Bazı önemli tespitler
“Deccal bir transhumanist olacaktır. İnanışlarına göre, insan (human) denilen varlık geri bir varlıktır ve teknolojinin ulaştığı yeni durumun imkanları ile insan; kendi eli ile bu geri varlığı evrimleştirmelidir. İskelet yapısı, iç organları, bazı uzuvları daha iyisi ile değiştirilebilir. Onlara göre “modifiye” edilebilir. Bunun için kullandıkları tabir “Human Enhancement”; yani insan bedeninin sınırlarının aşılmasıdır.”

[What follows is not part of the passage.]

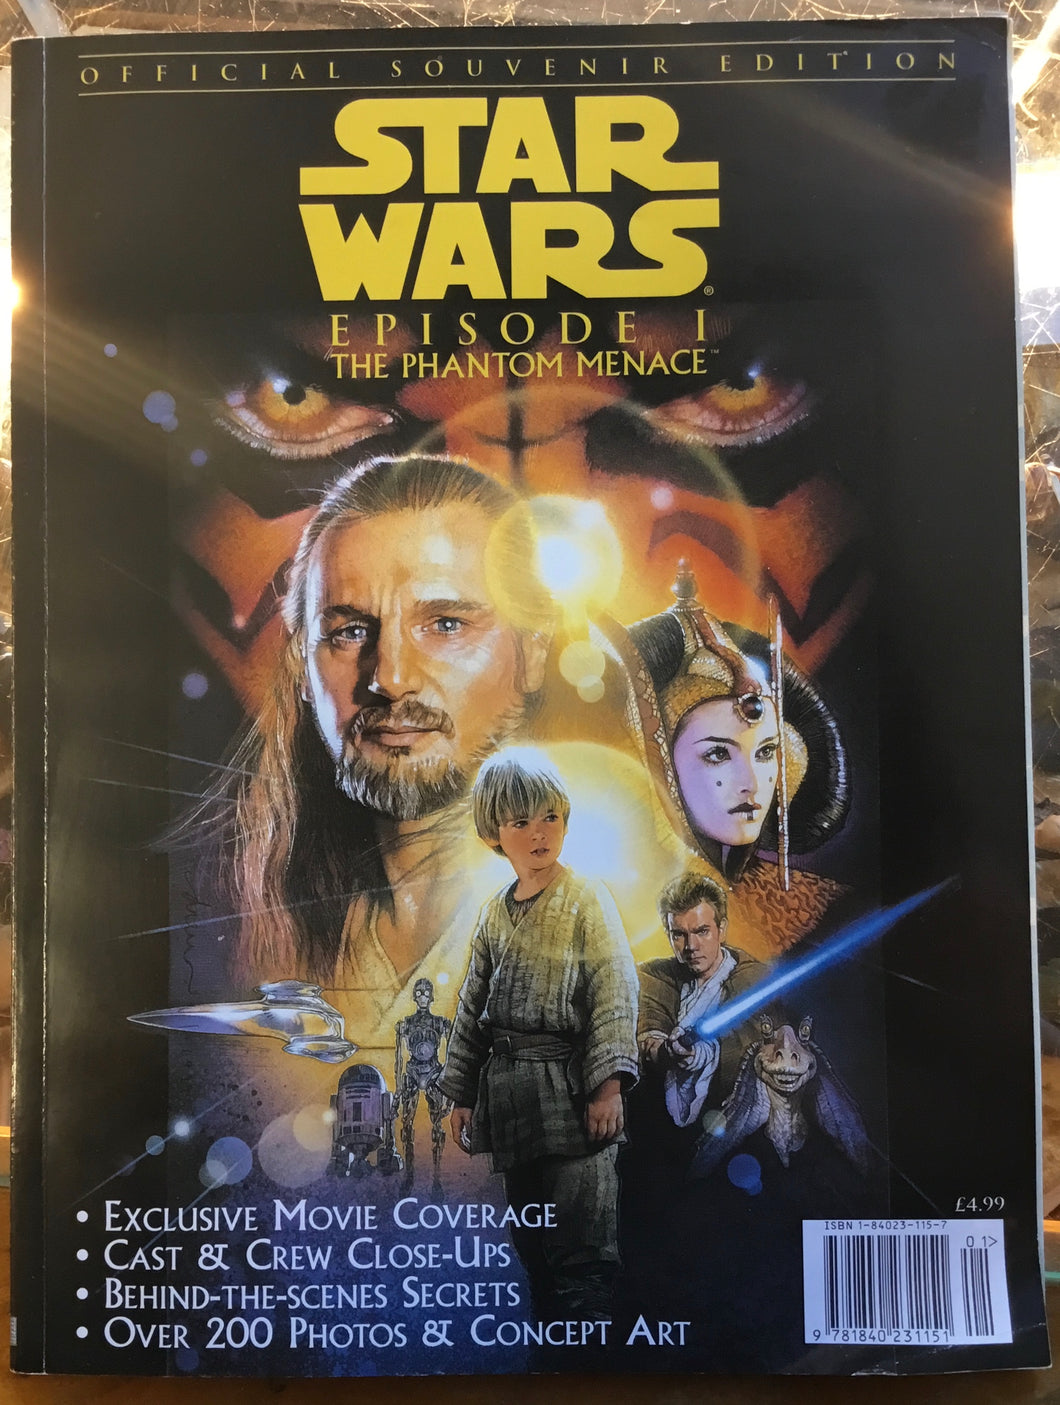 Star Wars Episode I The Phantom Menace Official Souvenir Edition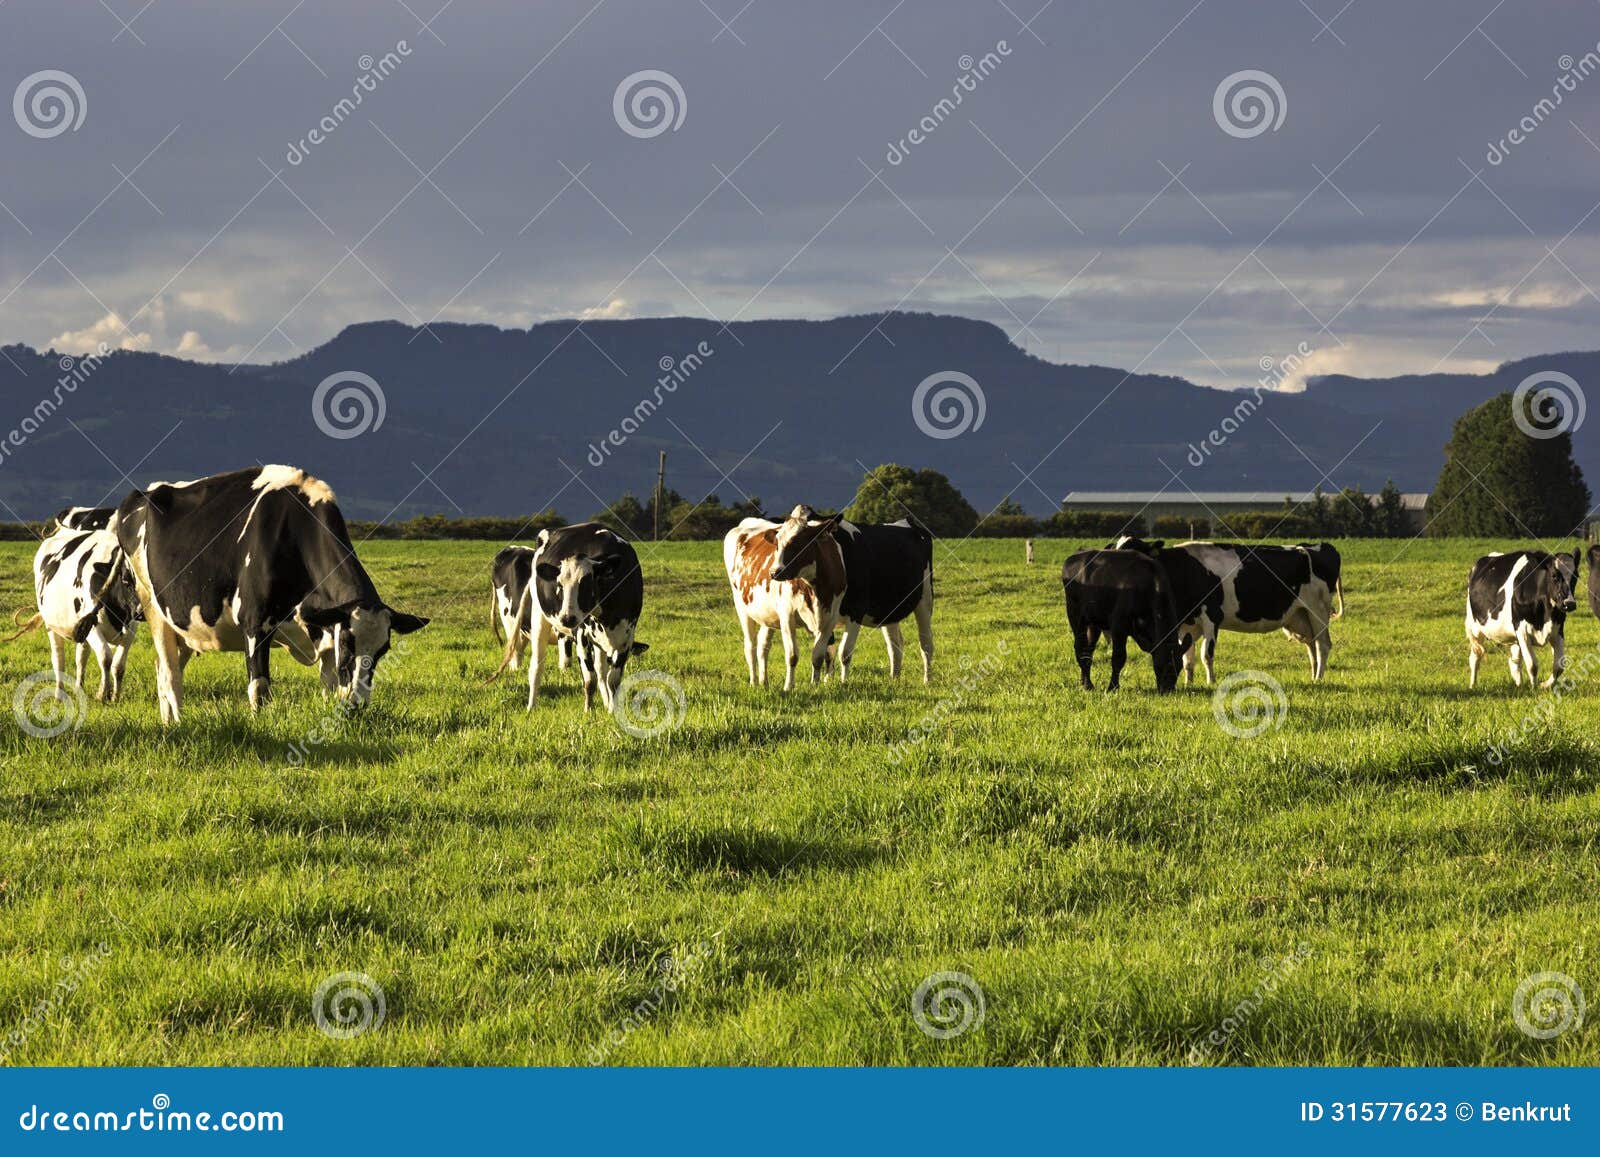 cow farm in australia

“Ray Kurzweil -çok enteresandır- transhumanizm tabirini kullanmaz ve bu kavrama taraftar değildir. Singularity kavramının kullanılması gerektiğine inanır ve bunun gayretini gösterir. Kurzweil’e göre “transhuman”tabiri hatalı bir mantıktan kaynaklanır. İnsan (human) zaten devamlı sınırları aşan varlığı ifade eder. Yani avamca konuşacak olursak, tek hücrelilerden insana kadar, evrim aşamasının her bir bölümünde, bir üst seviyeye geçebilen, o insanlık özüdür. Sanki, insan “sınırları aşabilen varlık” demektir.“Enhancement” yani… Singularity ise insan olarak tanımladığımız varlığın bir sonraki safhasına geçişidir. Kurzweil o tabiri kullanmasa da, açıklayıcı olduğu için transhumanistlerden ödünç alırsak, “posthuman” (insan sonrası) safhasına geçiştir.”
“Kurzweil kendi iddialarında çok tutarlı. Kendi içinde net bir senaryosu var. Zahir, batın, evvel ve ahir dörtlüsü ile senaryosunu ya da felsefesini çerçevelemiş.”
“Kurzweil’ın tutarlılığı sadece kendinden kaynaklanmıyor. Kadim bir öğretinin, farklı bir formatta gerçekleştirilmesinin önemli bir memuru olmasından kaynaklanıyor. Singularity ve Kurzweil’i anlamak için Neoplatonizm’i, Spinoza’yı ve İslamî kültür içine sızan şekliyle “Ukûl-u aşere” (on akıl) düşüncesini bilmek zorundayız. Singularity, eski bir düşüncenin çağımıza uyarlanmış ve güncellenmiş yeni bir formudur. Dikkatlice bakanlar, süslü, dijital bir perdenin ardındaki o eski yüzü görebilirler.”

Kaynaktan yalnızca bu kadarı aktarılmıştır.